* **INSTRUCTIONS TO FOLLOW**
Extract the stretch of lines that starts at the line with "alexandra grecco 2020" and ends at the last line of the data below. Give it exactly, without pictures.

* **DATA**
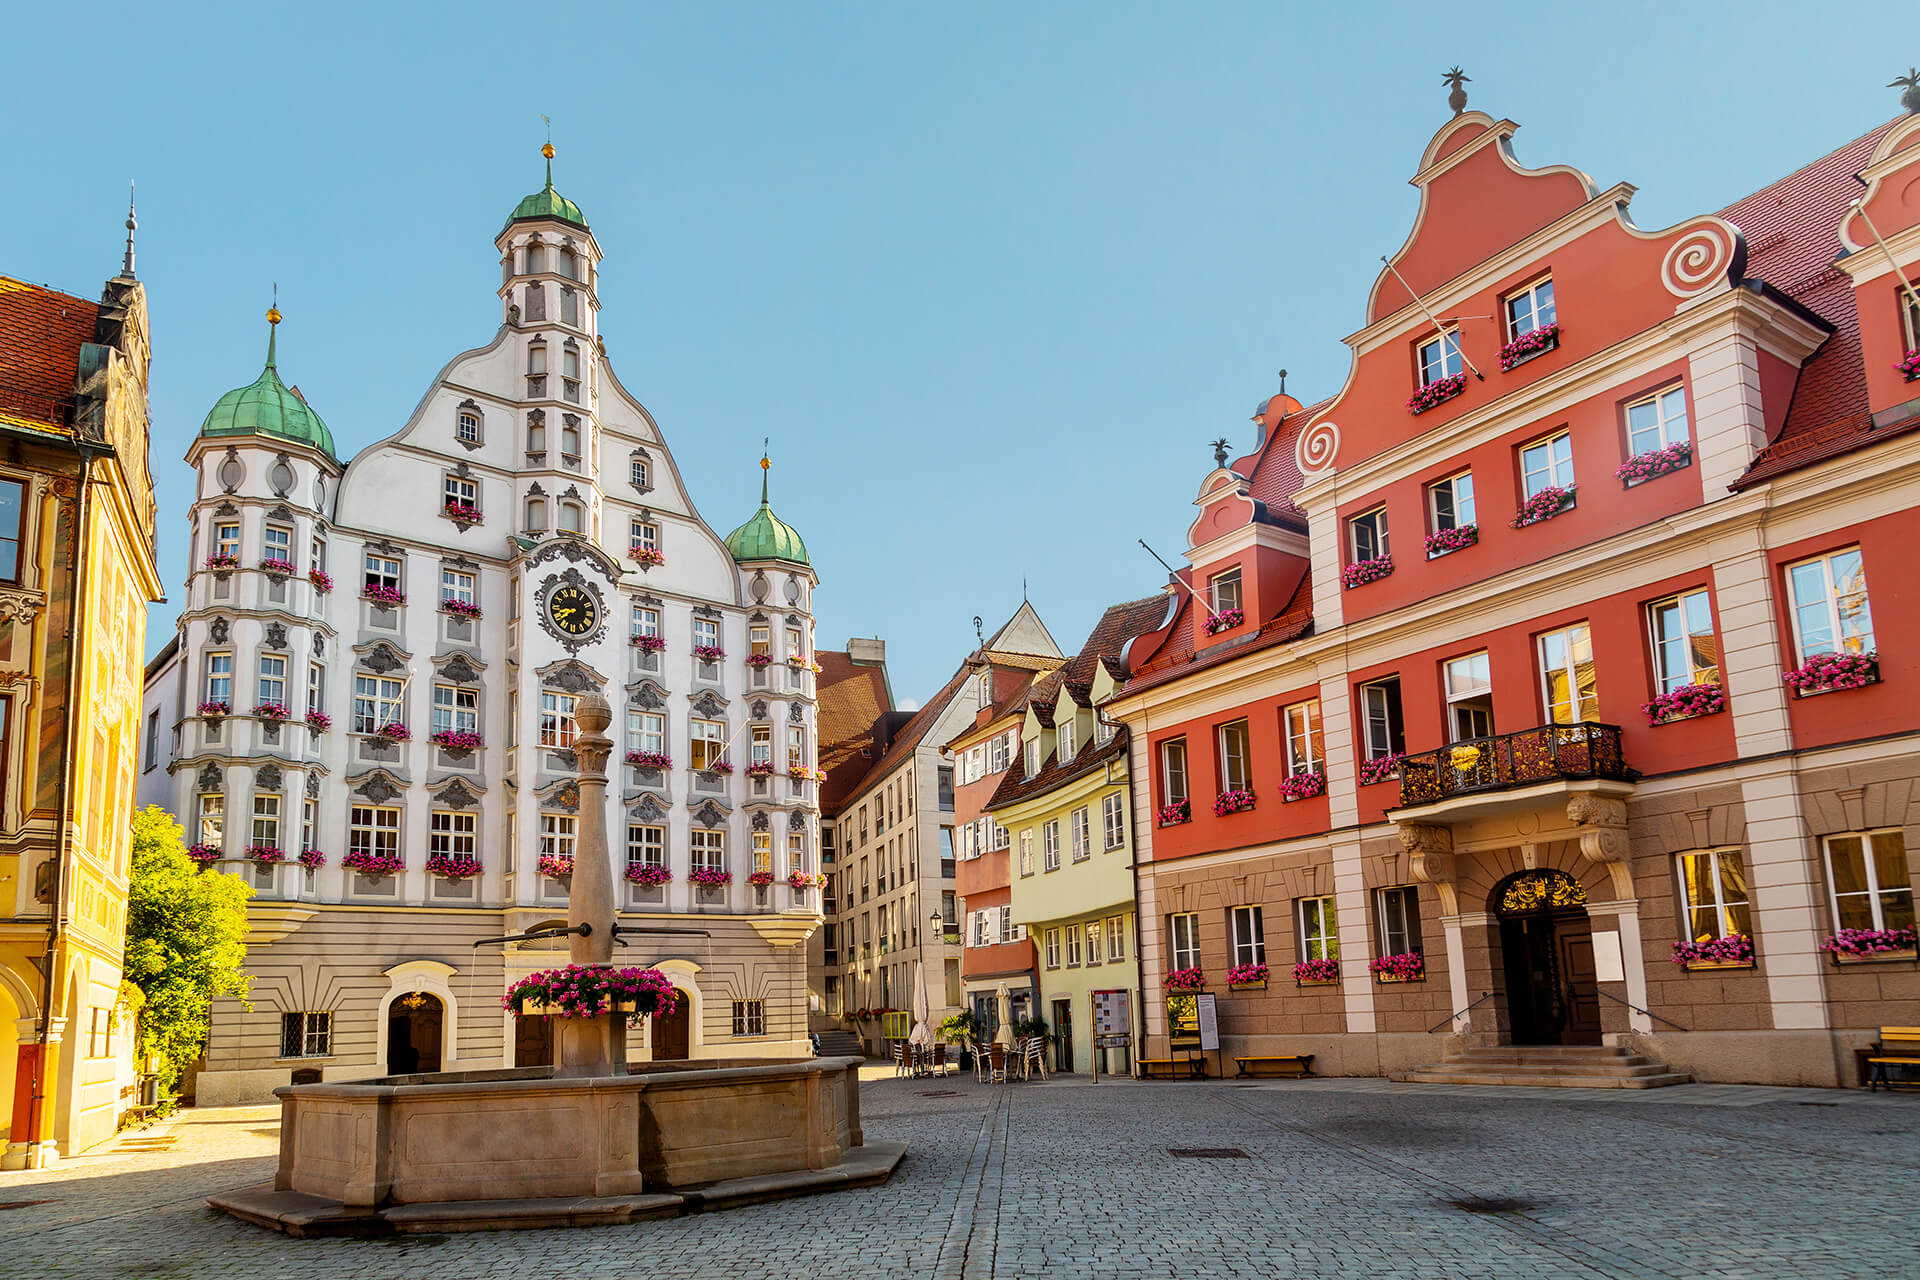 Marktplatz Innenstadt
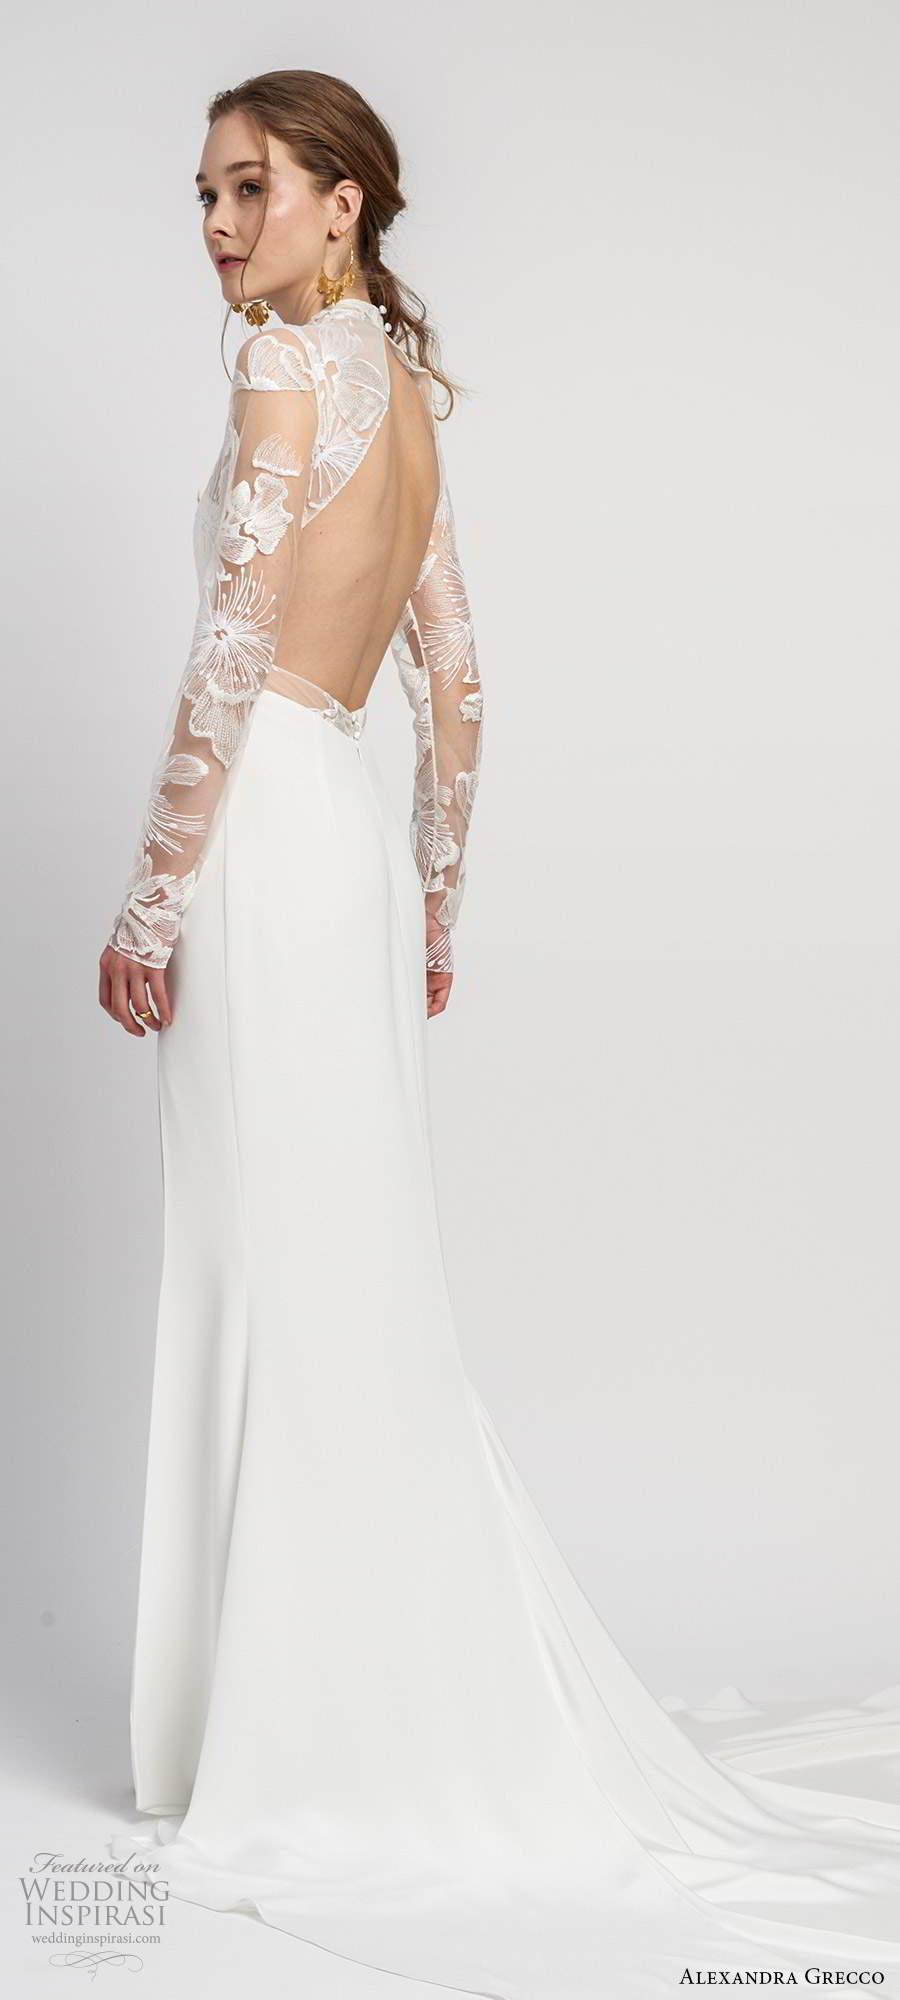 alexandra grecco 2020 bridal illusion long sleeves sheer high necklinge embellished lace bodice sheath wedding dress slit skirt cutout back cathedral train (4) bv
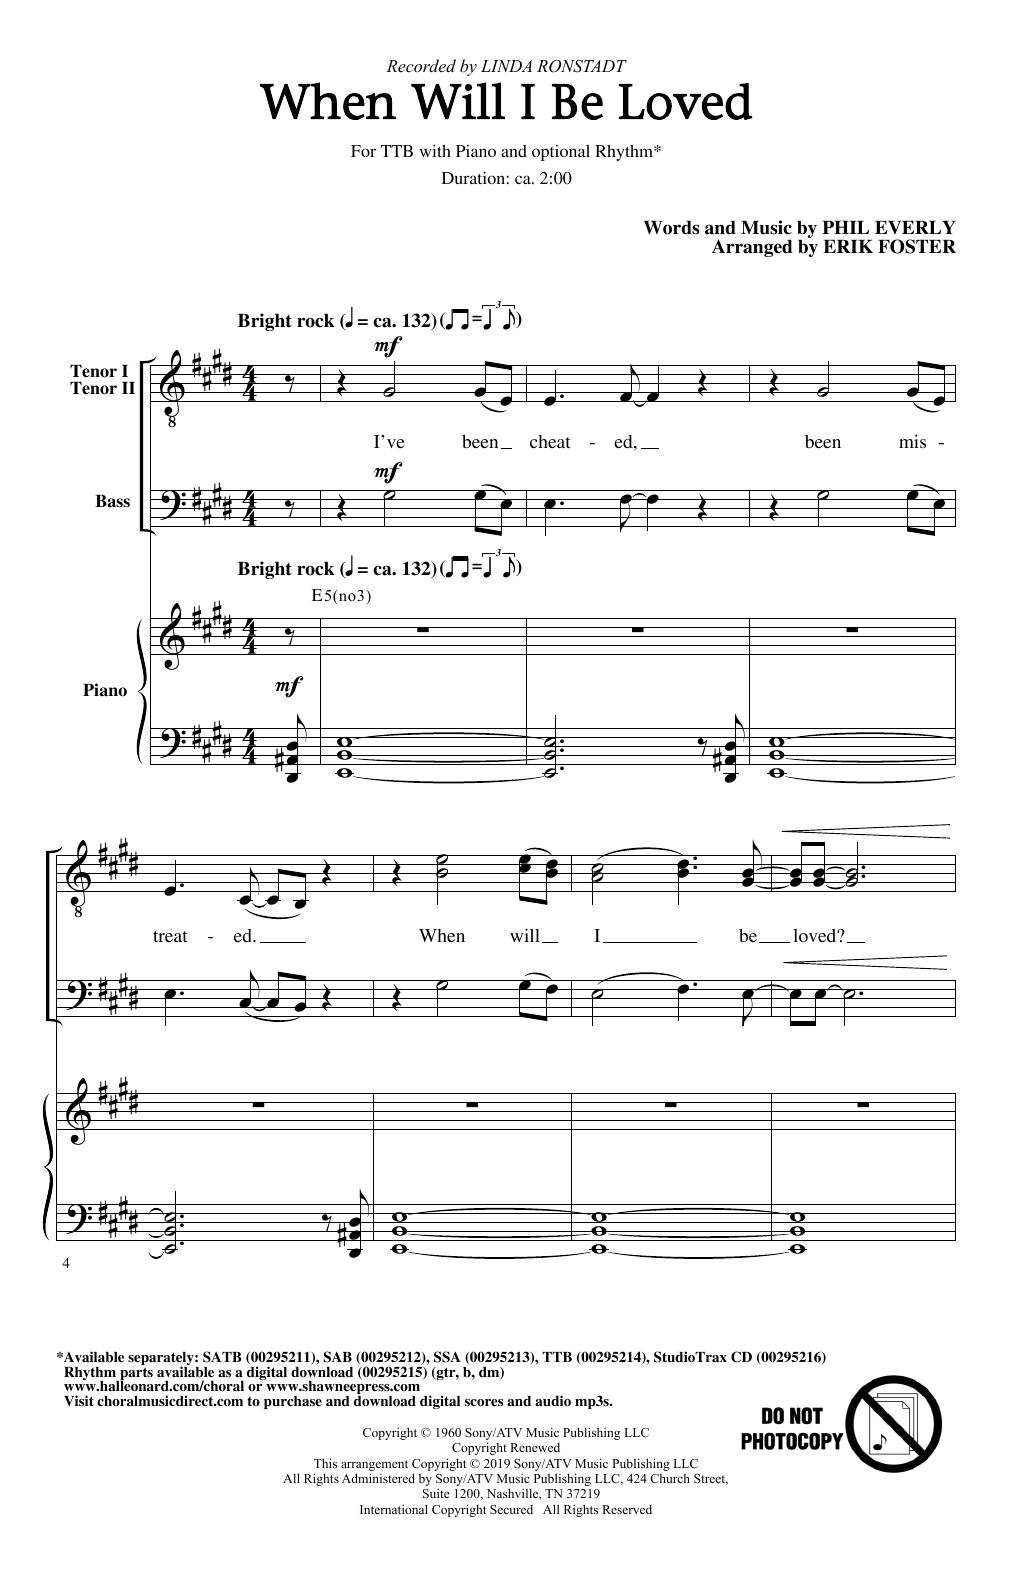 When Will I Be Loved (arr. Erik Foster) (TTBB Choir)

* **EXERCISE RESPONSE**
 alexandra grecco 2020 bridal illusion long sleeves sheer high necklinge embellished lace bodice sheath wedding dress slit skirt cutout back cathedral train (4) bv
 When Will I Be Loved (arr. Erik Foster) (TTBB Choir)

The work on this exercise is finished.